Który przypadek dotyczy "Batmana" Burtona? Podpowiem, że który by nie dotyczył, to słowo ma wydźwięk negatywny, więc nazywając go tak - obrażasz ten film. A z kontekstu twojej wypowiedzi wynika, że oceniasz go pozytywnie. Co za tym idzie - nie masz pojęcia, co oznaczają słowa, których używasz.

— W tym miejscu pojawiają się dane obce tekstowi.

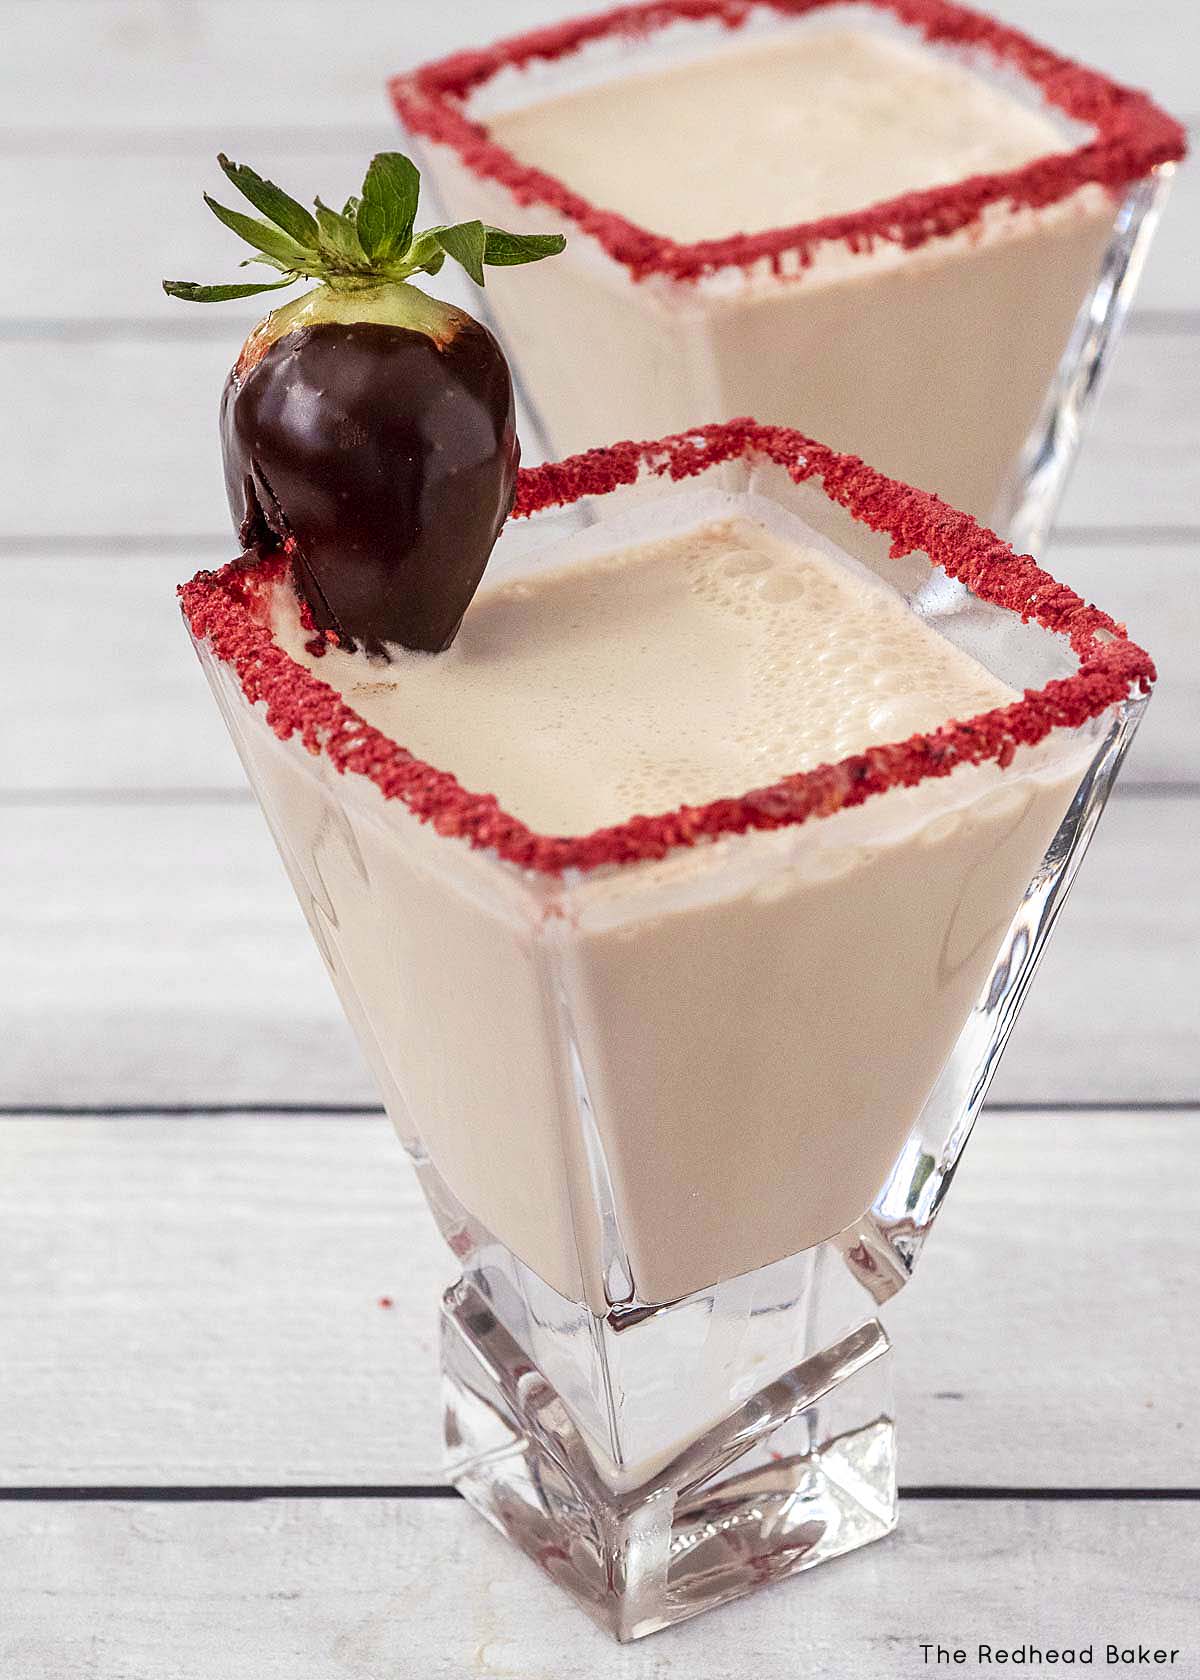 Two chocolate-covered strawberry martinis.

Naucz się pisać po polsku jak normalny człowiek, to może będzie chciał z tobą rozmawiać.

Offline Cringer

Odp: MCU a.k.a. Kinowe Uniwersum Marvela
« Odpowiedź #627 dnia: Cz, 12 Sierpień 2021, 22:09:07 »
Pierwszy "What If" za mną. Przyjemny seans. Animacja bardzo dobra. Muszę przyznać że wolę tradycyjną animację 2D bardziej niż takie stylizowane 3D. Niemniej jednak wygląd postaci jest bardzo ładny. A fakt że to 3D pozwolił poszaleć Kapitan Carter. Oj a dziewczyna szalała na ekranie robiąc rozpierduchę w szeregach nazistów i hydry że aż miło. Sama fabuła jest bardzo prosta. Taka zamiana ról w porównaniu do filmowego odpowiednika z pewnymi uproszczeniami fabuły. Ogólnie całość przyjemnie się ogląda. Nie jest to jednak dzieło sztuki. taki typowy marvel który jest typowy.

Offline misiokles

Odp: MCU a.k.a. Kinowe Uniwersum Marvela
« Odpowiedź #628 dnia: Cz, 12 Sierpień 2021, 22:22:28 »
A mnie akurat nie podeszła ta powtórka z rozrywki, gdzie novum była jedynie zamiana ról. Spodziewałem się, że alternatywny świat się bardziej rozjedzie z 'naszym'. A komiksowe What ify takie lubiły być!

Offline Zamorano

Odp: MCU a.k.a. Kinowe Uniwersum Marvela
« Odpowiedź #629 dnia: Cz, 12 Sierpień 2021, 22:37:02 »
"Batman" Burtona zaściankowy w znaczeniu konserwatywny z pewnością nie jest. Nie był ani w 1989 roku, ani nie jest taki dziś. Określenie tego filmu mianem konserwatywny to mocny kandydat do najgłupszego zdania jakie w ogóle o tym filmie napisano.
« Ostatnia zmiana: Cz, 12 Sierpień 2021, 23:26:09 wysłana przez Zamorano »
Łowco. Idziesz, jak zawsze, po krawędzi. Nieunikniony jest dzień , w którym popełnisz błąd."